• [STUDY MATERIAL]:
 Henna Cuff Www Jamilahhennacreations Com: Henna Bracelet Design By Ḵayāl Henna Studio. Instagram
...
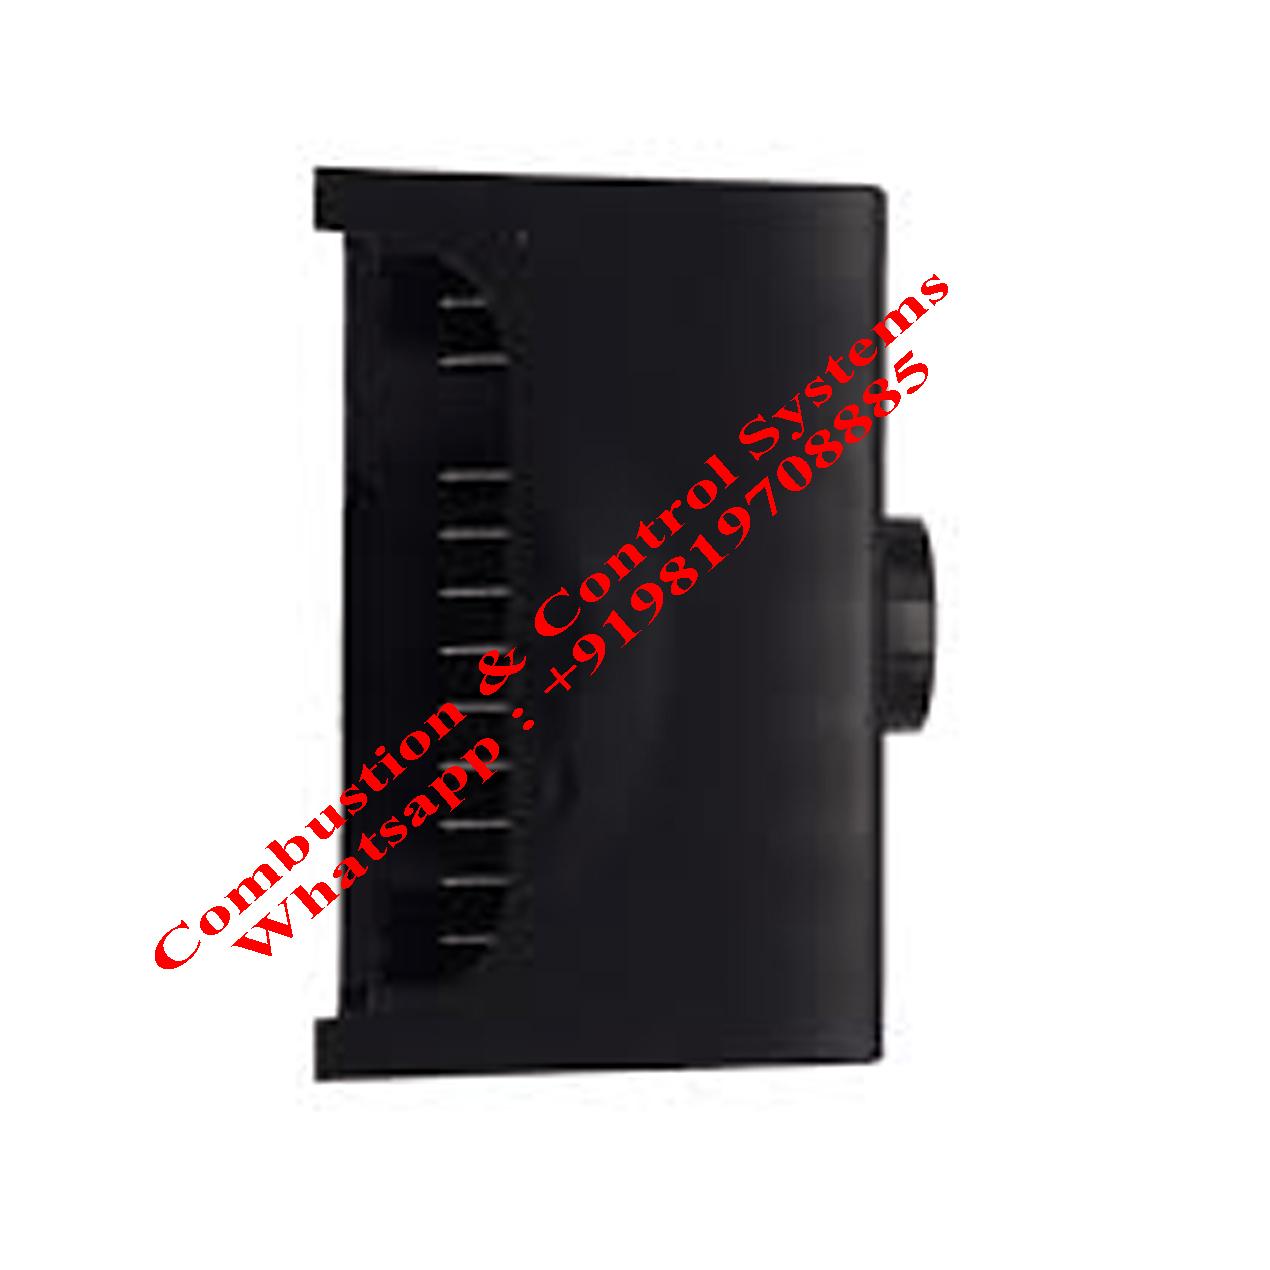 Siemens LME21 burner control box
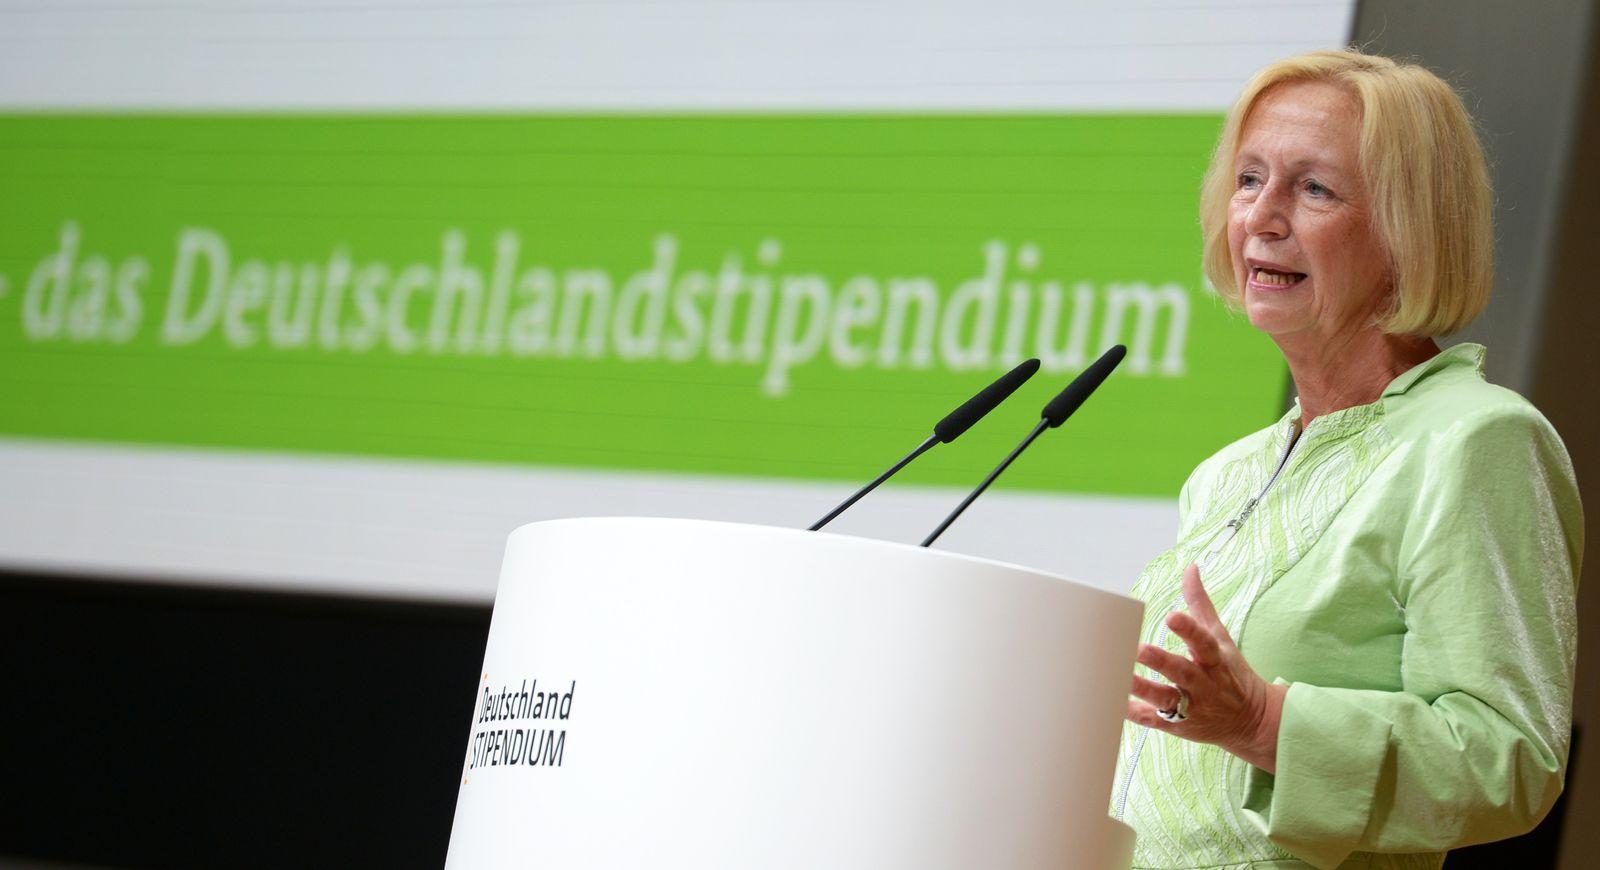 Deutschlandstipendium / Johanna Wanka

• [WORK REQUIRED]: Output only the lines above from the one containing "Siemens LME21 burner control box" to the one containing "Deutschlandstipendium / Johanna Wanka", both included, exactly as written and with no pictures.

• [EXERCISE ANSWER]:
 Siemens LME21 burner control box
 Deutschlandstipendium / Johanna Wanka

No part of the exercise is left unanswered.